Afonso Dias, o camionista, foi condenado a três anos de prisão efectiva por envolvimento no desaparecimento do menino Rui Pedro. Um caso que devastou seus pais e sensibilizou todo o país, tal como outros que, com excessiva e angustiante frequência, têm ocorrido no país. Um tema tenebroso e velho de décadas. A mãe do menino não desiste de o procurar alimentando a ténue esperança de o encontrar com vida. Nada!, não há rasto do Rui Pedro! Não se sabe o que lhe aconteceu a partir de certa altura, quando deixou uma certa prostituta. Julga-se que, Afonso, seu grande amigo, sabe. Não imagino a intensidade da angústia semelhante à dos pais que não sabem o que aconteceu ao seu filho!
De tudo o que li sobre o tema não há provas concludentes da culpabilidade de Afonso Dias. No entanto, foi condenado, apesar do princípio jurídico do "in dúbio pro réu"! Porque foi Afonso condenado havendo dúvidas da sua culpabilidade? Admito que possa ignorar algo essencial do processo, mas, quanto a mim, Afonso foi condenado para apaziguar o sofrimento da mãe do Rui Pedro e ir de encontro à espectativa da comunidade, que nele precisam de ver "o culpado". E este é um tema da natureza humana profunda, desde os primórdios do "Australopithecus Africanus"; a compulsão da necessidade do "bode expiatório" como factor de compensação de perda.
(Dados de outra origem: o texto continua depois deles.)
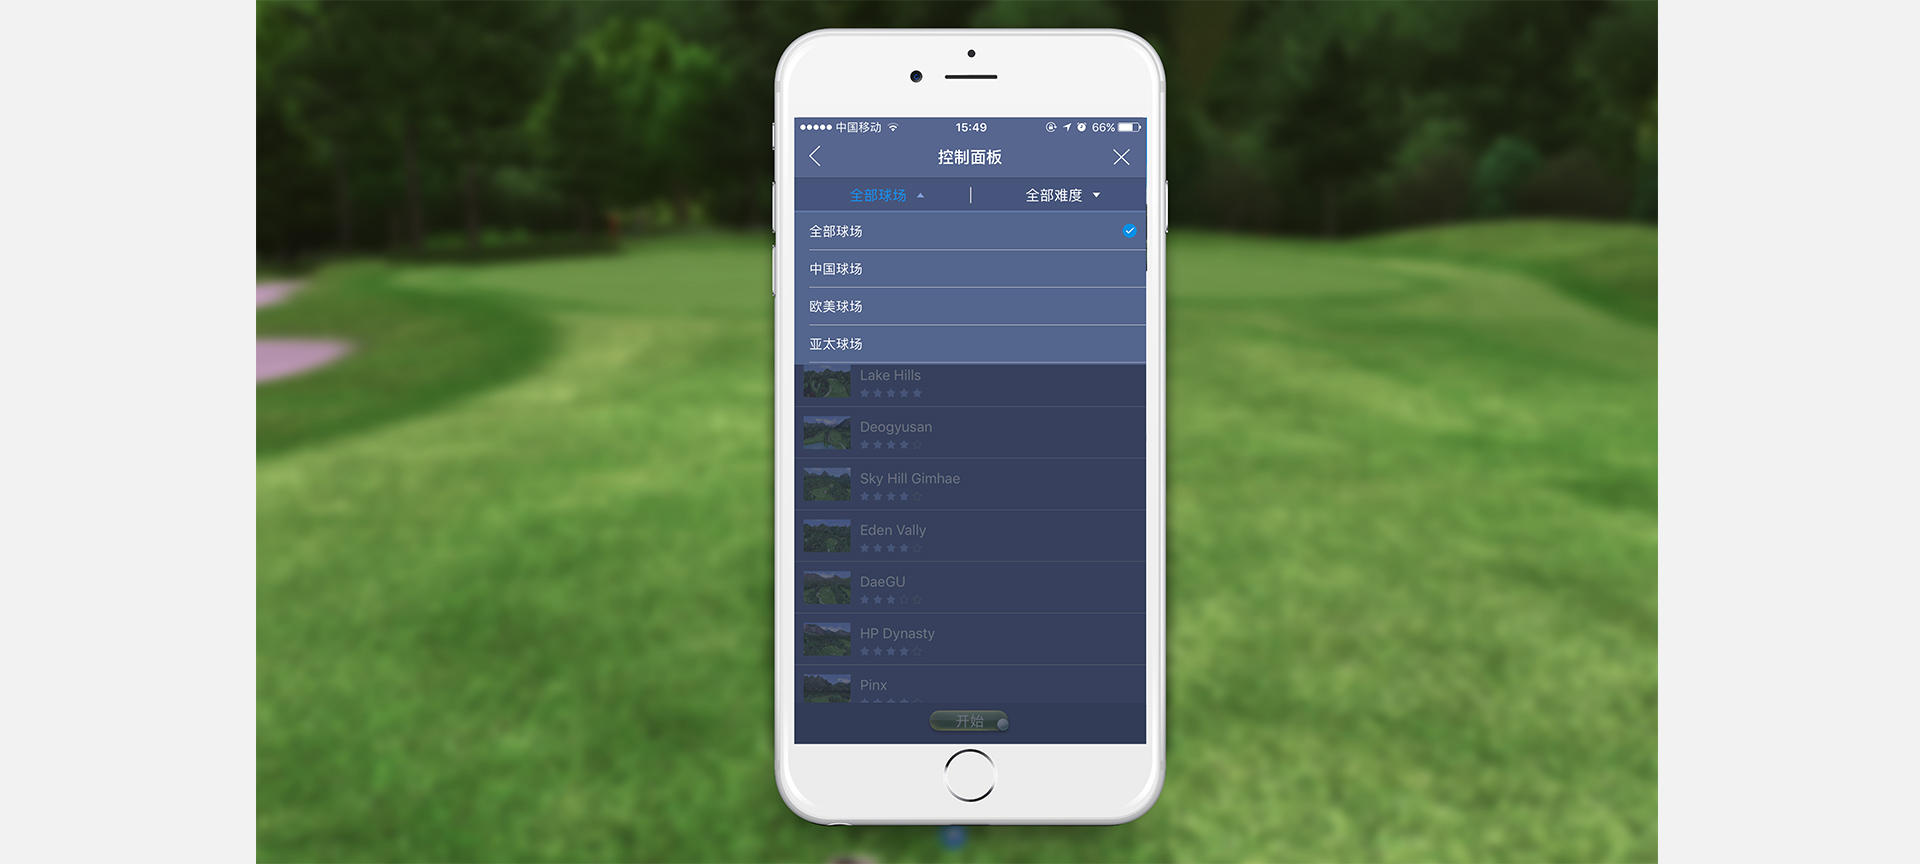 衡泰信模拟高尔夫新功能3.jpg

Os sacrifícios religiosos de animais e até de seres humanos ao longo da história das sociedades humanas, associada às práticas religiosas ou afins, visavam ressarcir os deuses por "pecados" próprios ou de terceiros, ou suscitar a sua graça por uma causa futura. A autoflagelação, prática corrente em certas religiões, mais não é do que a tentativa de recuperação da inocência através da suscitação da comiseração divina pela via da sofrimento autoinflingido. Até nas coisas mais banais, como no futebol, este mecanismo funciona; sempre se procura algo ou alguém a quem atribuir a responsabilidade dos inêxitos pela simples razão de que atenua dolorosa realidade, que no fundo se conhece.
A sofrimento e o definhamento da mãe do Rui Pedro, pedia um culpado, um bode expiatório. Sangue pede sangue, não importa de quem, apenas sangue por conta de algo!, uma tradição bárbara que nem Cristo conseguiu extinguir, nem mesmo aos "cristãos"! Afonso Dias foi o melhor candidato. Acredito que, com esta condenação, os pais do menino, num primeiro momento, se sintam mais apaziguados por julgarem ter-se feito justiça. Mas sei que a dúvida da culpabilidade de Afonso acabará por os angustiar ainda mais. E no entanto, são pessoas que apenas não sabem lidar com o seu enorme sofrimento.
Confesso que não sei como se sai deste labirinto, a não ser pelas palavras sábias de Jorge Luis Borges...ou de Jesus Cristo, o Redentor!